Segment Start: Data block

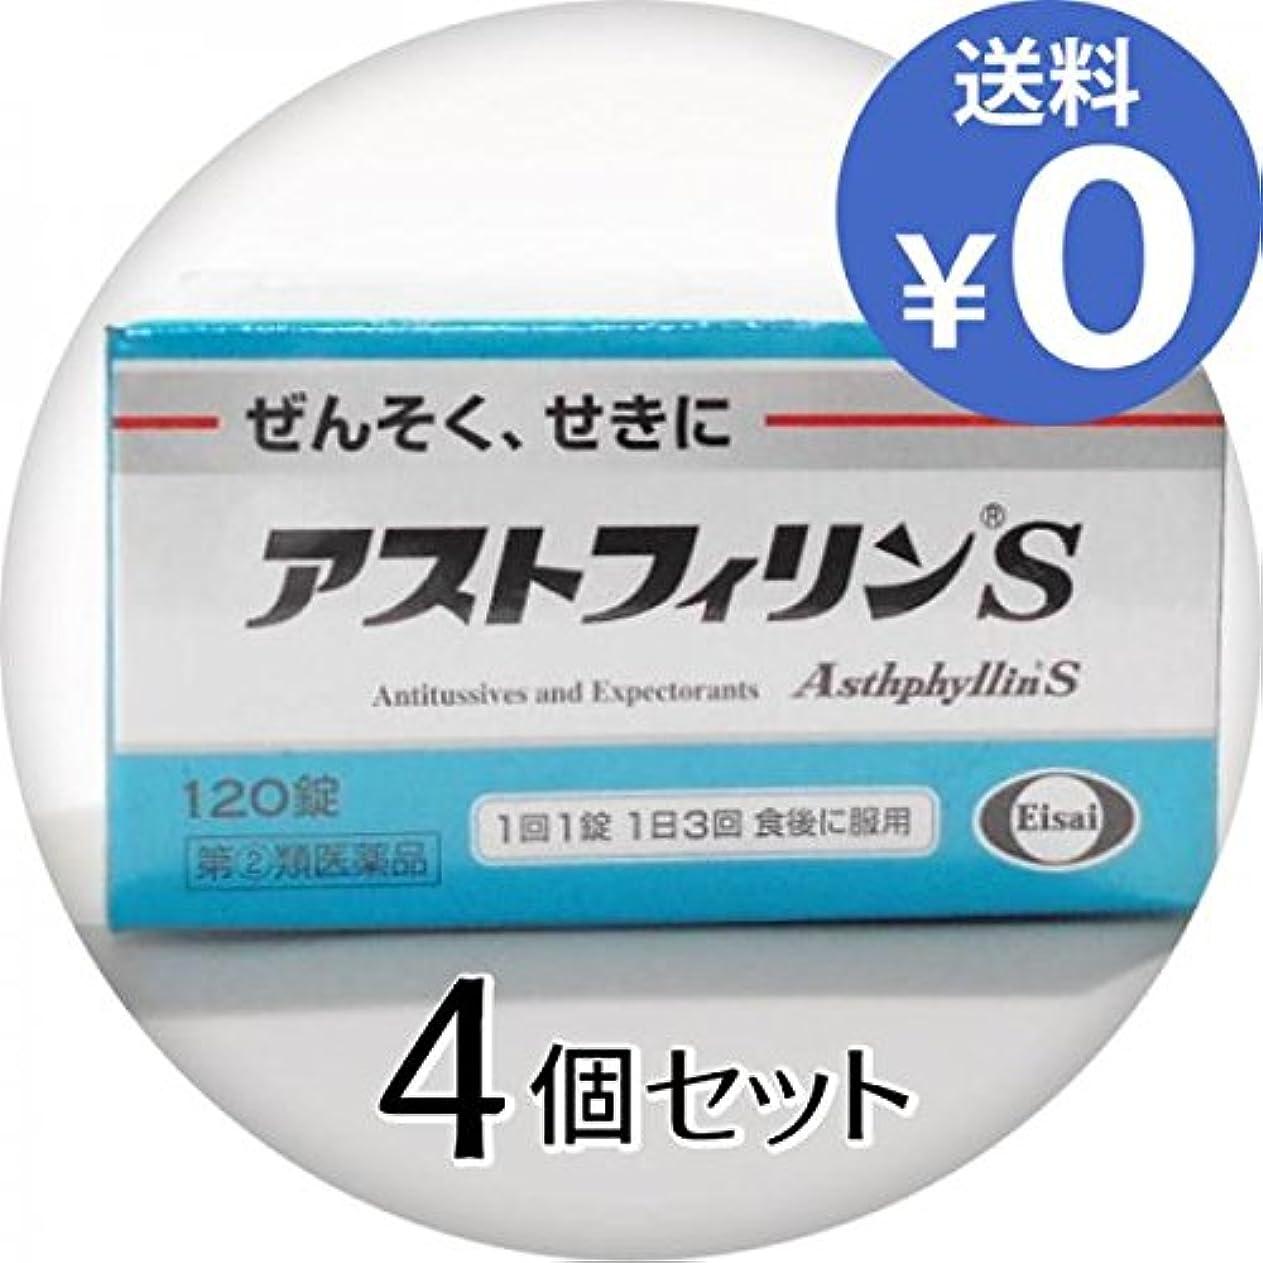 どっちピンに負ける【指定第2類医薬品】アストフィリンS 45錠 ×4
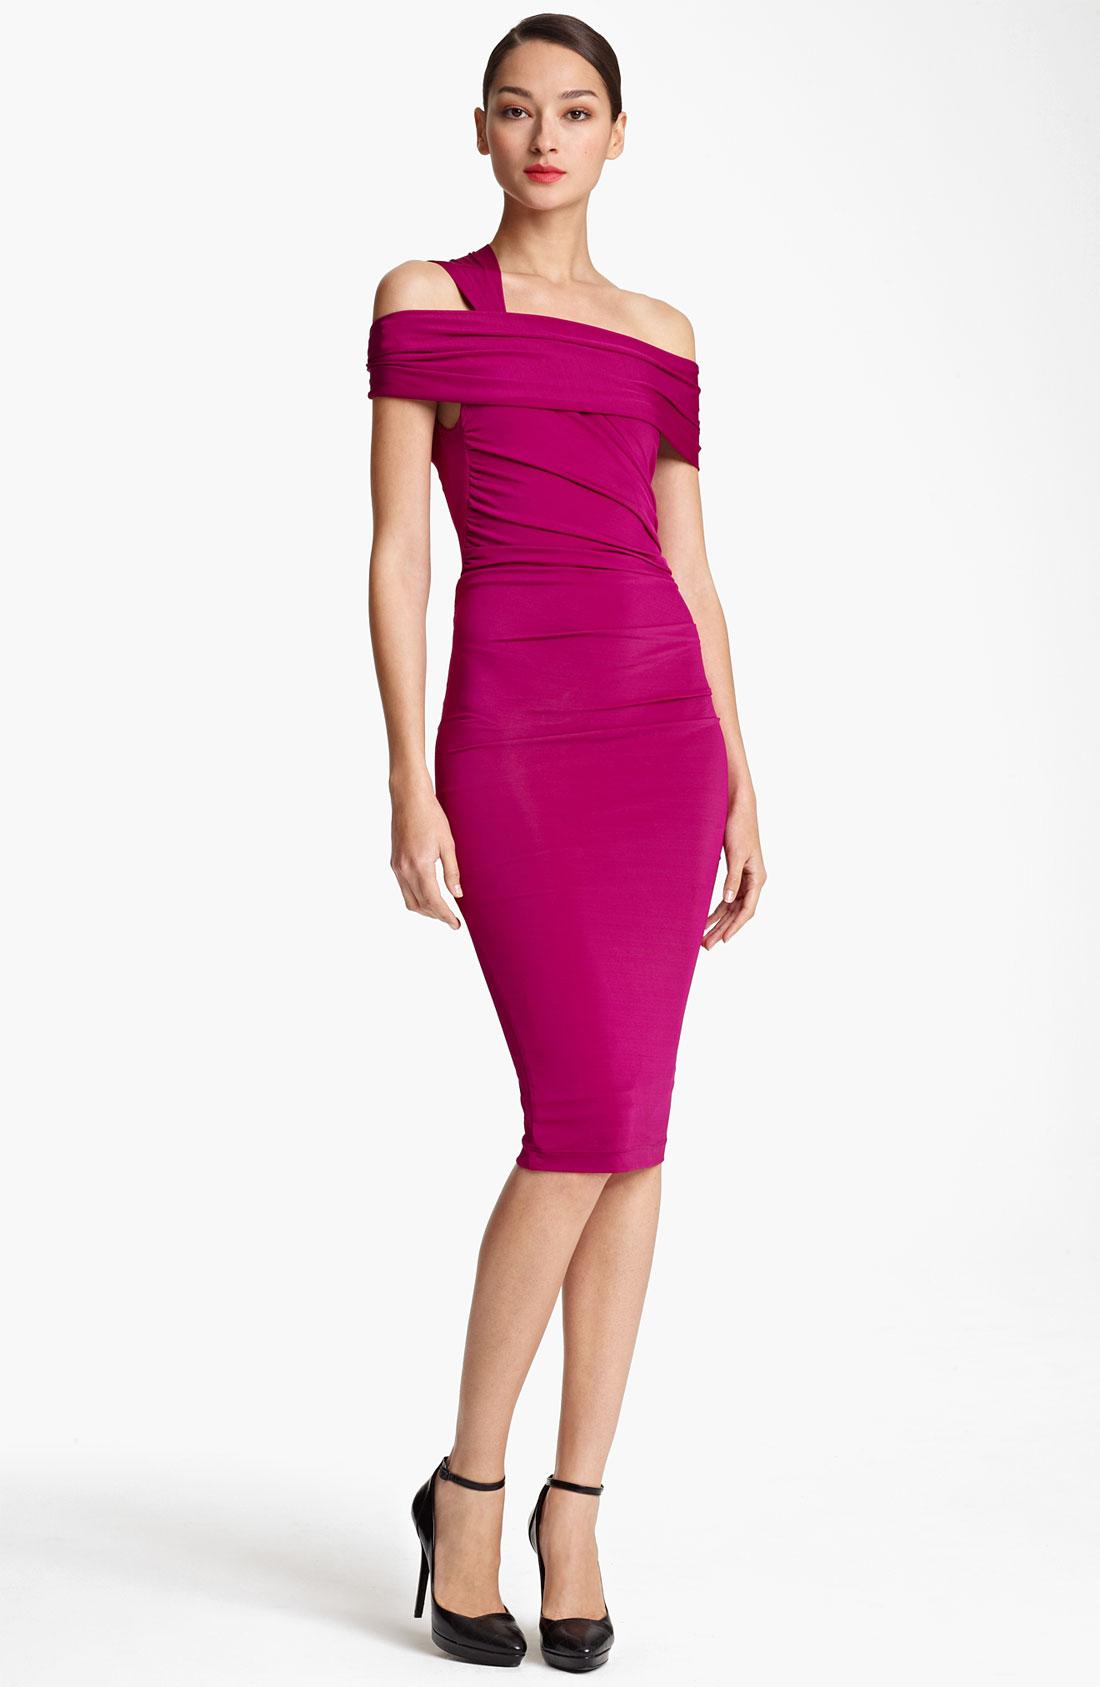 Donna karan new york collection cold shoulder jersey dress for Donna karan new york
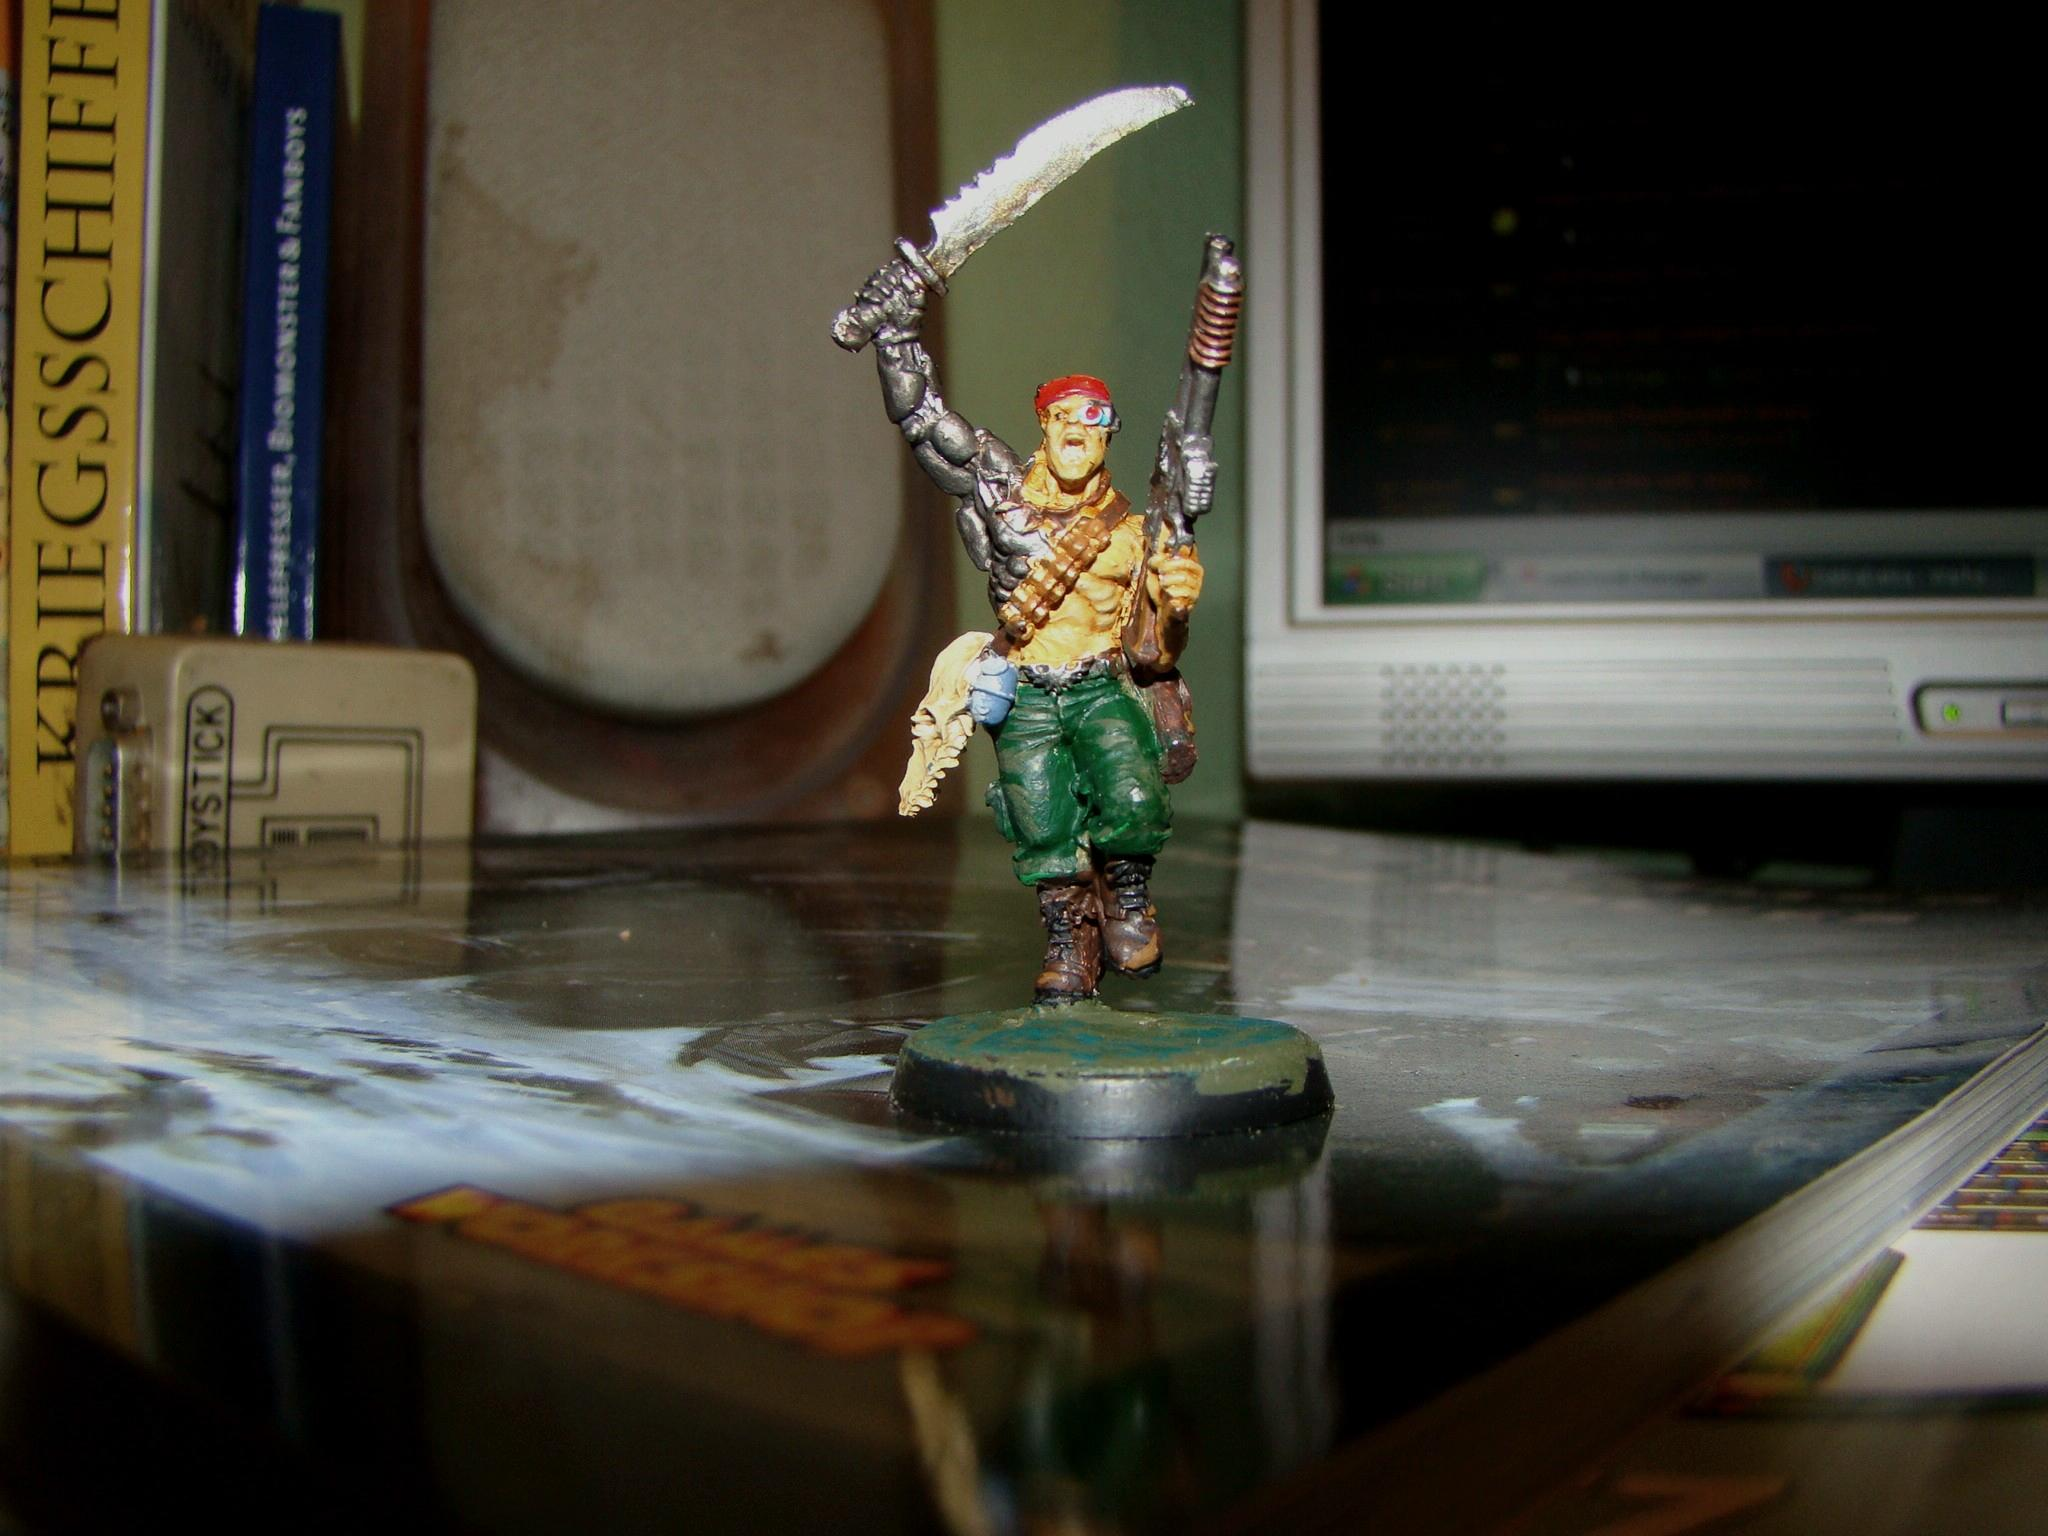 Catachan, Imperial Guard, Straken, Warhammer 40,000

Segment End: Data block

Brief
Take the listing above and retype it exactly. Its pictures are to be omitted.

Task result
 どっちピンに負ける【指定第2類医薬品】アストフィリンS 45錠 ×4
 Donna karan new york collection cold shoulder jersey dress for Donna karan new york
 Catachan, Imperial Guard, Straken, Warhammer 40,000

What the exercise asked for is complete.